WORK REQUIRED. Omitting all images, set down every line below exactly as it appears.

DATA EXTRACT.
########

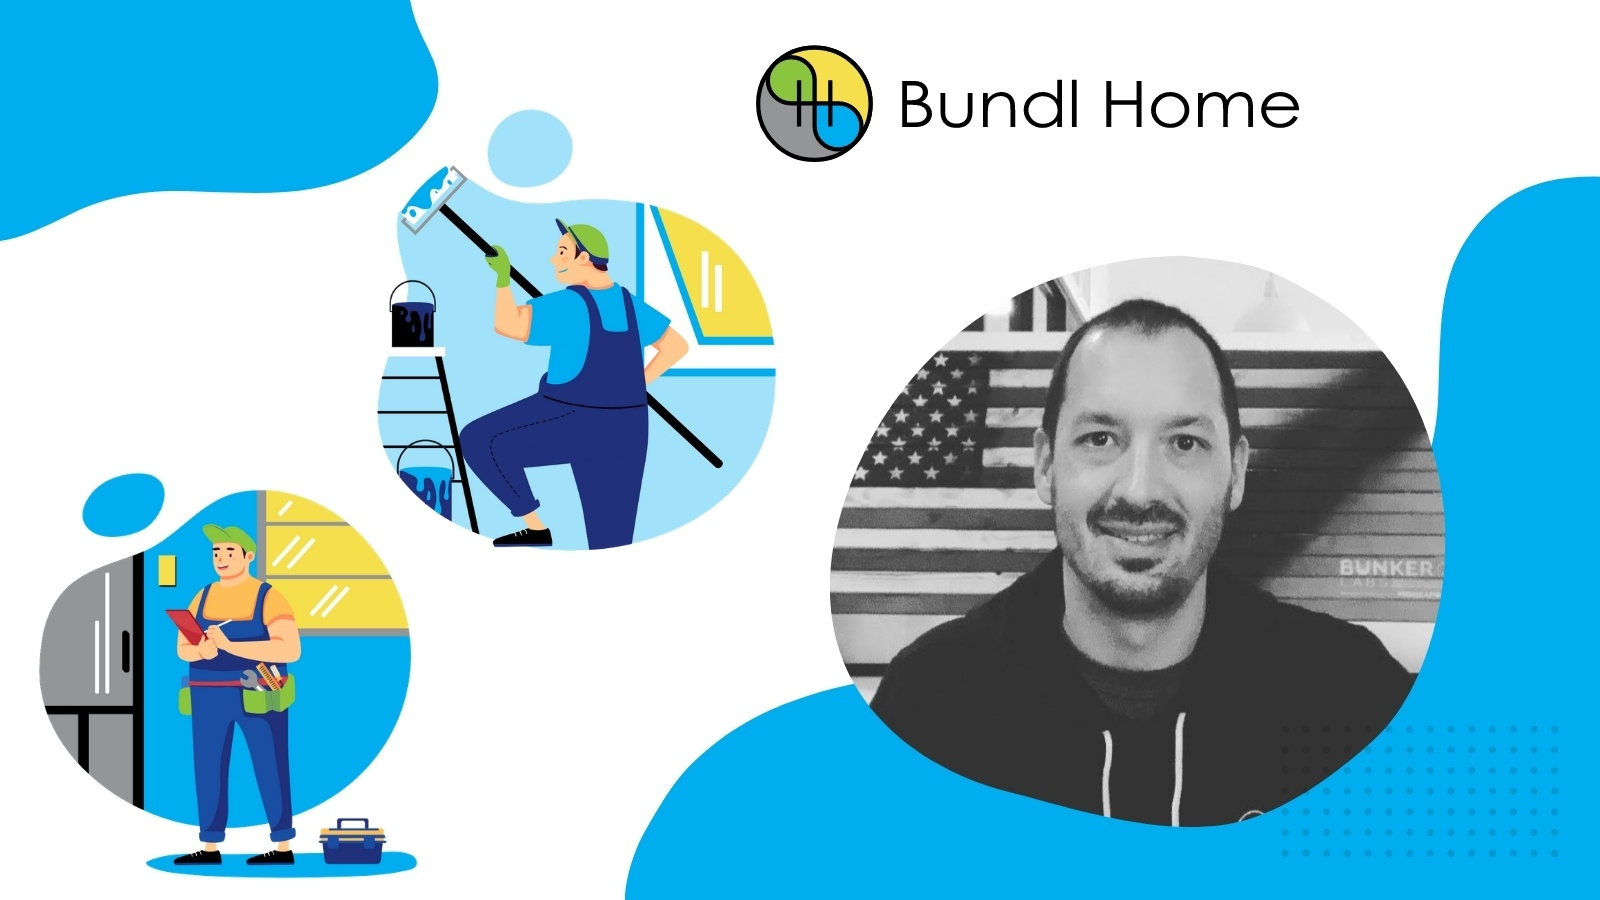 Bundl Home - Founder Story
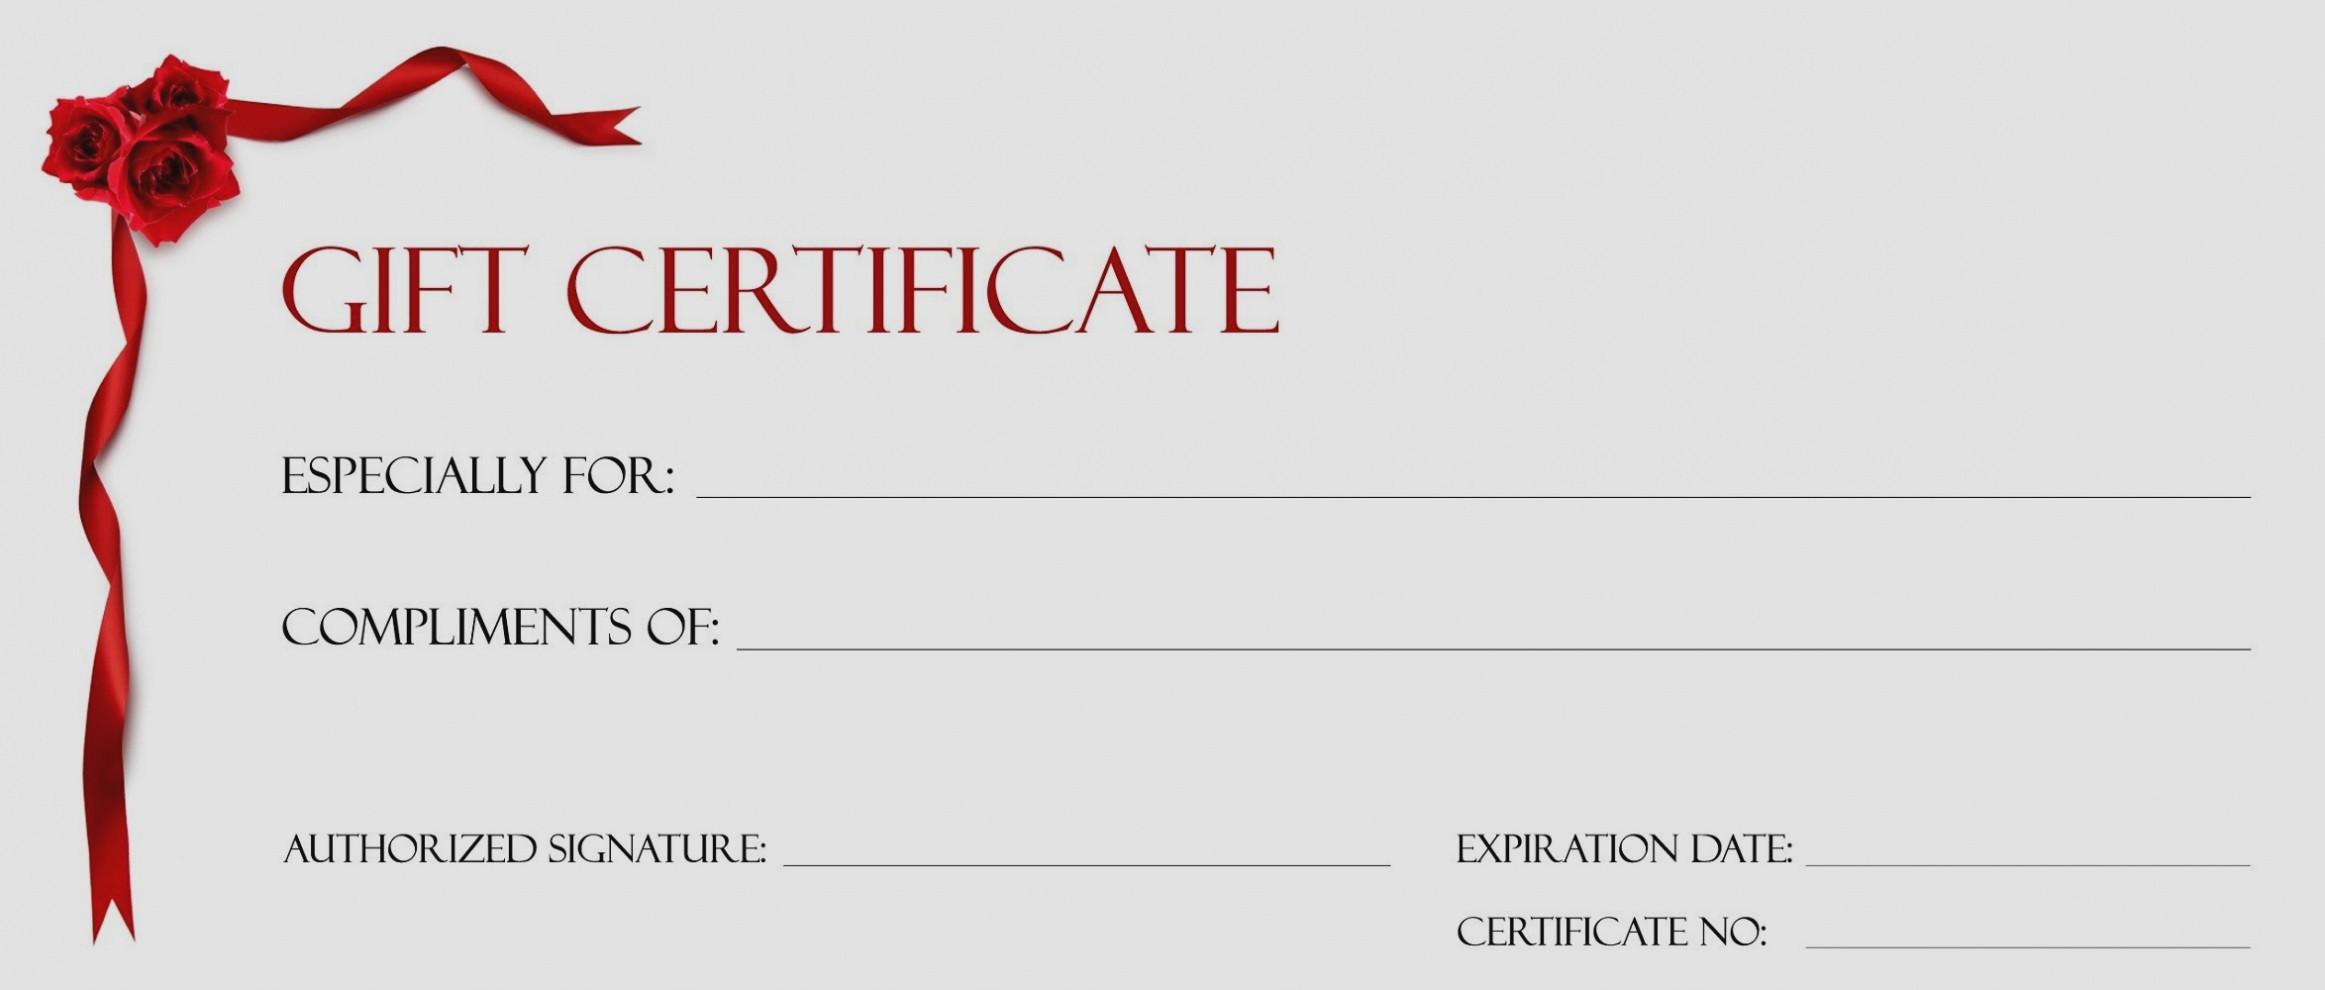 Congratulations Certificate Template Microsoft Word Beautiful Gift
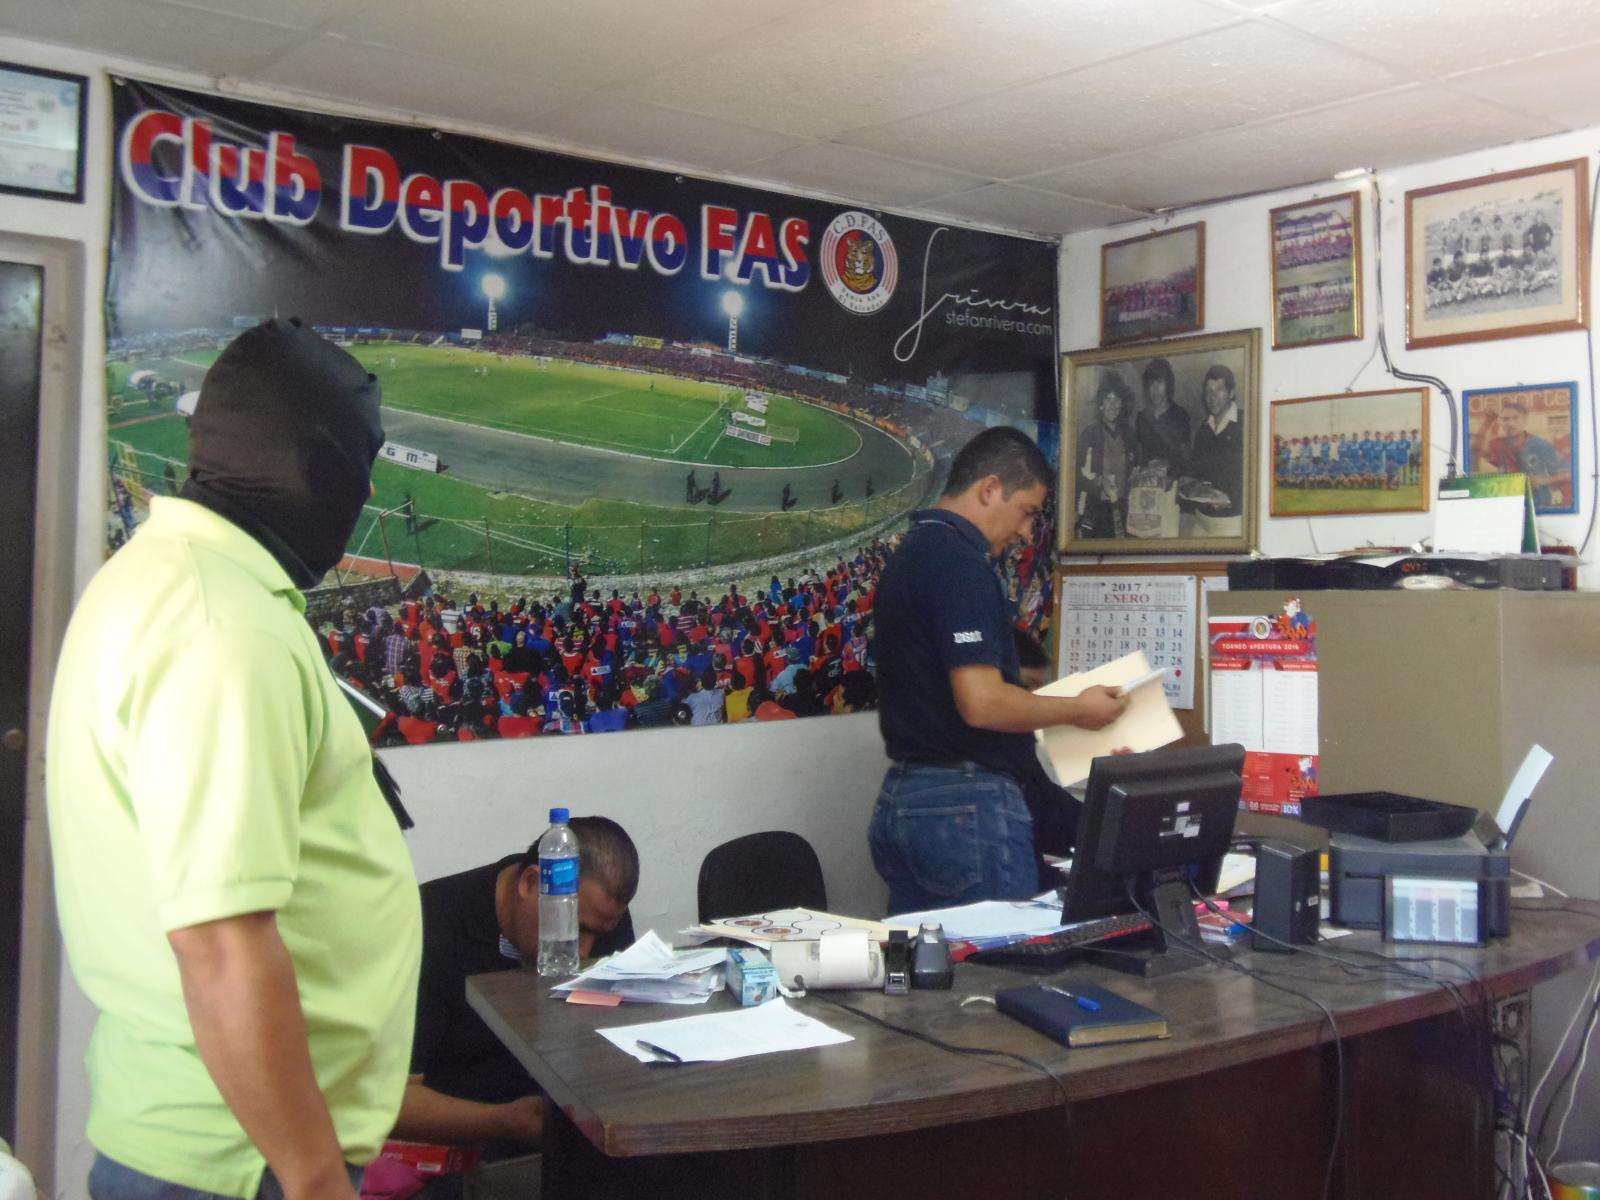 Arrestan a expresidente de Club Deportivo FAS, Rafael Villacorta

########

SOLUTION TO THE PROBLEM.
 Bundl Home - Founder Story
 Congratulations Certificate Template Microsoft Word Beautiful Gift
 Arrestan a expresidente de Club Deportivo FAS, Rafael Villacorta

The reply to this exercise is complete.